Given that, I request you to please share that standardized guide for porting as soon as available. For now, I will continue my development on ParlAI.
Please let me know how this all sounds. Also requesting for any other advice you may have. Thanks a lot for being prompt with this. Super helpful.
Alright so here are the important code pointers (Though you might want to wait for https://github.com/facebookresearch/Mephisto/pull/171 to land first, which comes with a lot of JS code quality improvements and makes the frontend codebase a lot cleaner):
Generally you can start by copying over this example directory to your new working directory, and replacing the webapp folder with this one.
From here, you can navigate to your webapp directory, run npm install; npm run build to build the frontend for the first time. If this worked properly, you should see text about having a custom task description in your browser when you run python parlai_test_script.py --use-custom-task true.

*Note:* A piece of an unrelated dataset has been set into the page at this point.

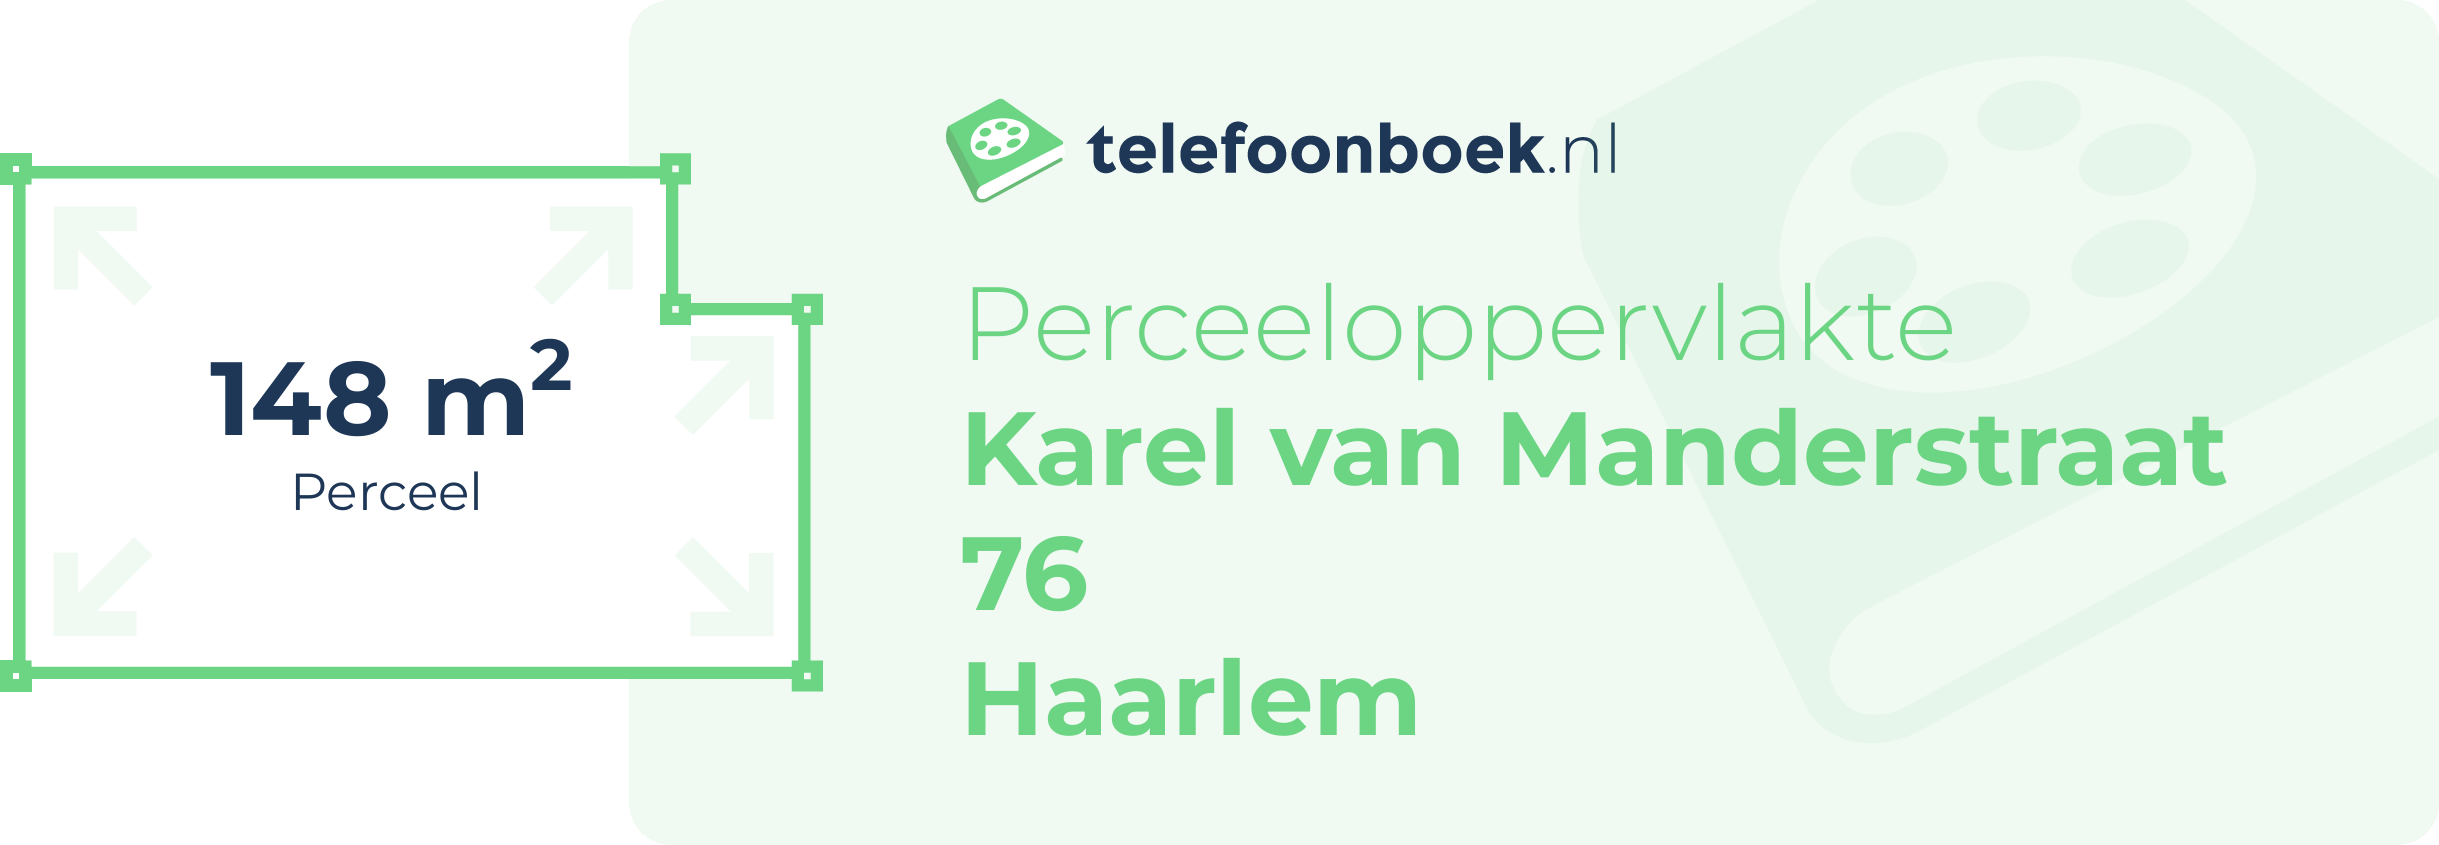 Perceeloppervlakte Karel Van Manderstraat 76 Haarlem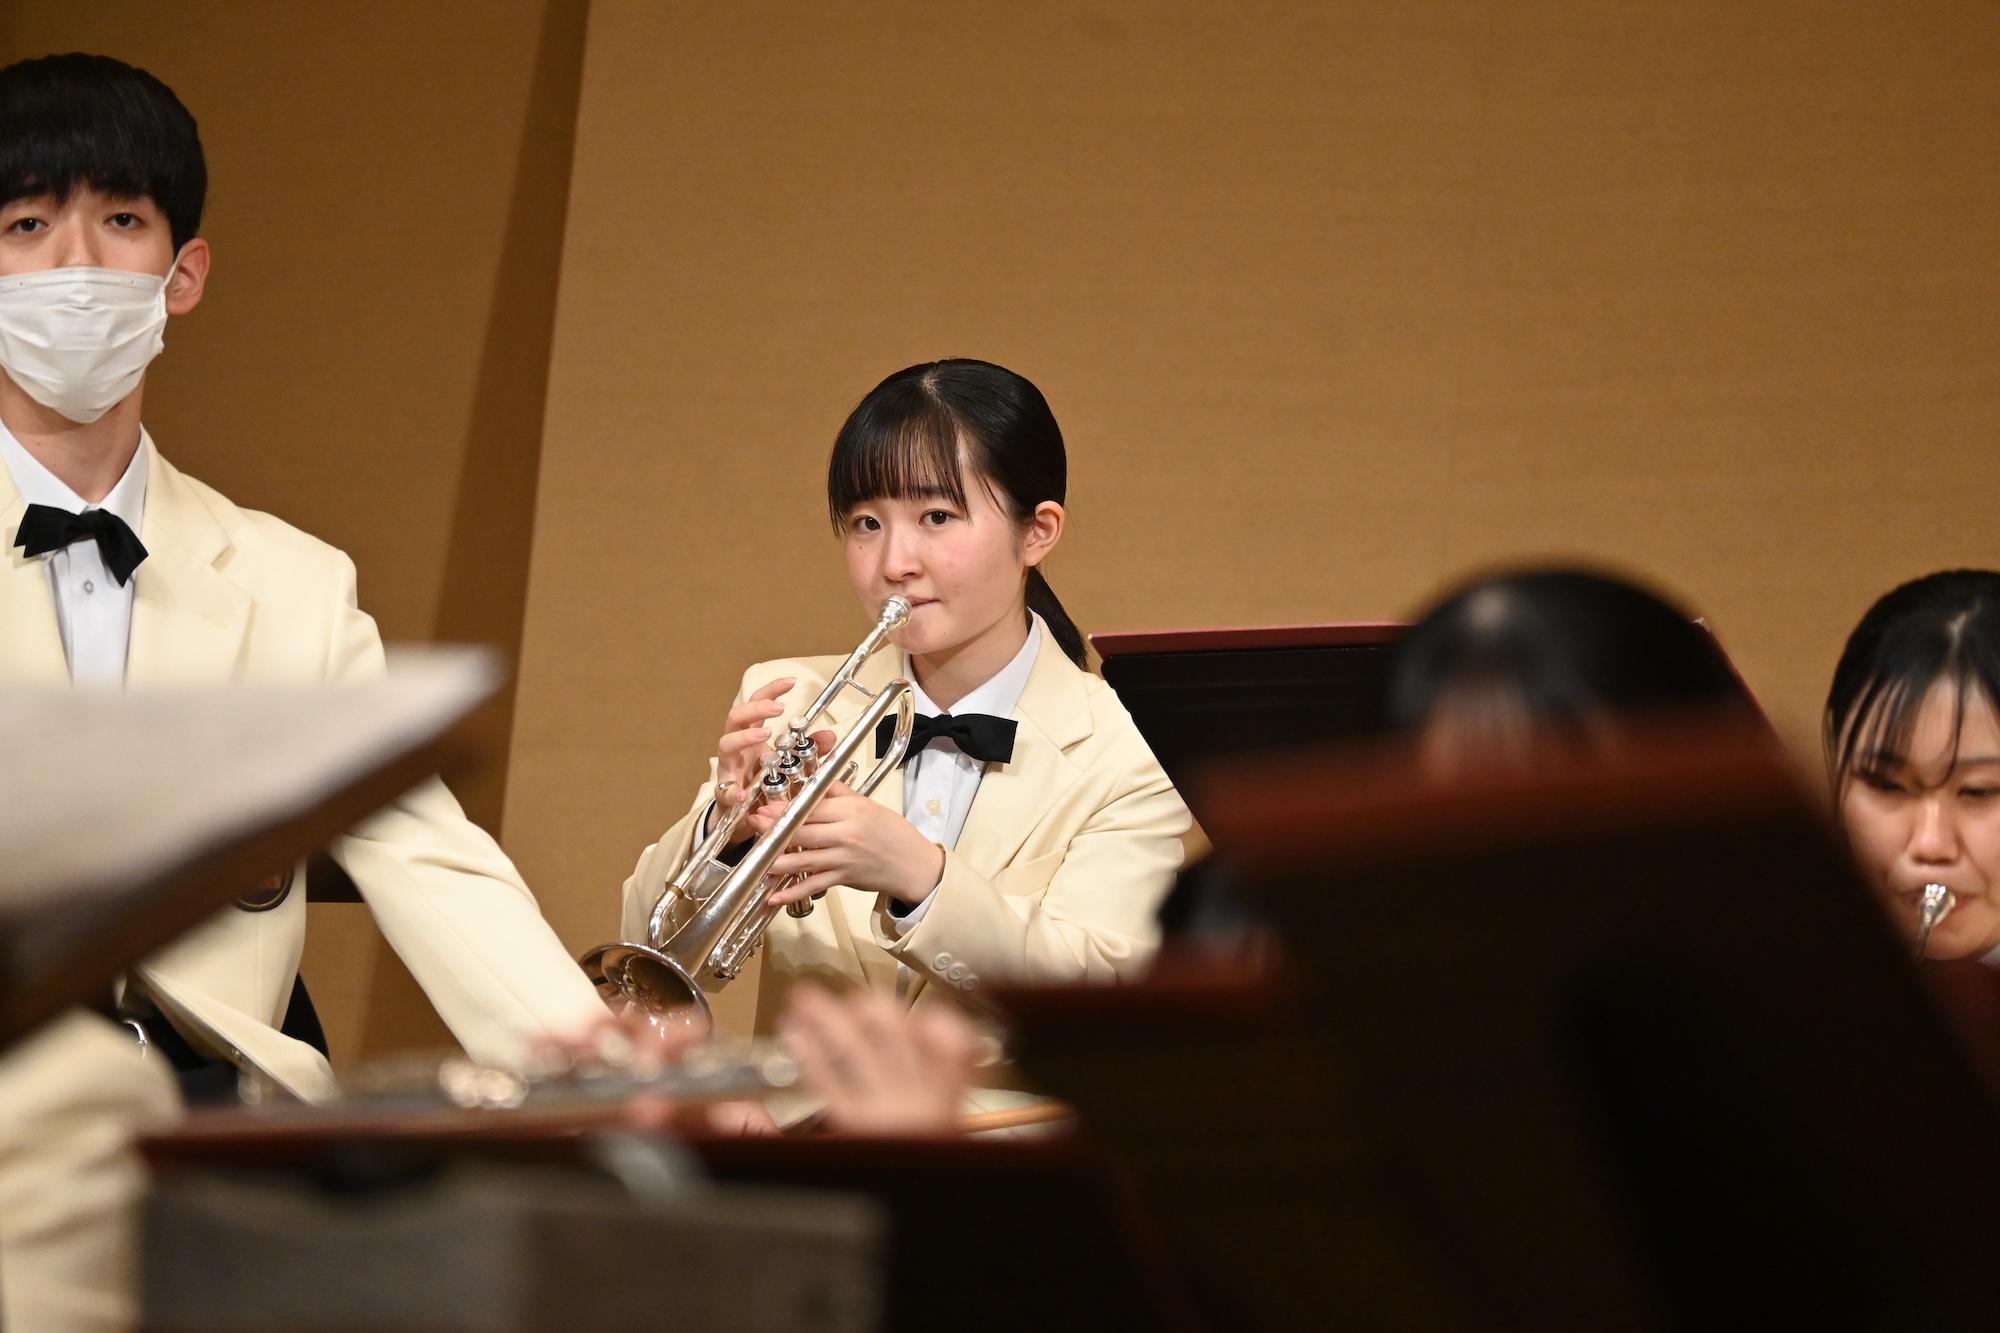 吹奏楽全国大会、コロナで17人欠場の名門・秋田南高校に起こった悲劇と奇跡 | Business Insider Japan

Now you can directly edit components in the webapp/src/components/core_components.jsx file (will be named Core.jsx if you copy after 171 lands). Replace anything in here with the version you've written for the ParlAI-MTurk core_components.jsx file. While doing this, in Mephisto you should remove anything about getCorrectComponent and just refer to components directly.
Finally, the props that are passed into BaseFrontend have changed. What you receive is going to be different depending on if you'll transition before or after 171 though, so I'll wait to hear more about that.
On the backend side, your run file is going to be replaced with what's present in the parlai_test_script for the most part. You will need to add a make_world and get_world_params method to your worlds.py file as described in the setup guide and as seen in the example.
If you're passing custom opts to your world, you can specify world_opts and put them into extra_args as seen here. These world_opts can contain a class that gets passed to make_world that you can use to share state between world initializations.
Hey @JackUrb
Thanks a lot for all the details. I will try to give this a shot but mostly it feels like I am behind my schedule and its probably the best to shift my code after the study.
I found a simple way to block the users from using mobile devices in ParlAI: I just read the task description itself to know whether they are on mobile or not in the onboarding world. If they are on mobile, I just do not allow them to proceed (return an act) and ask them to click 'Return' to exit from the HIT. This seems to work for now.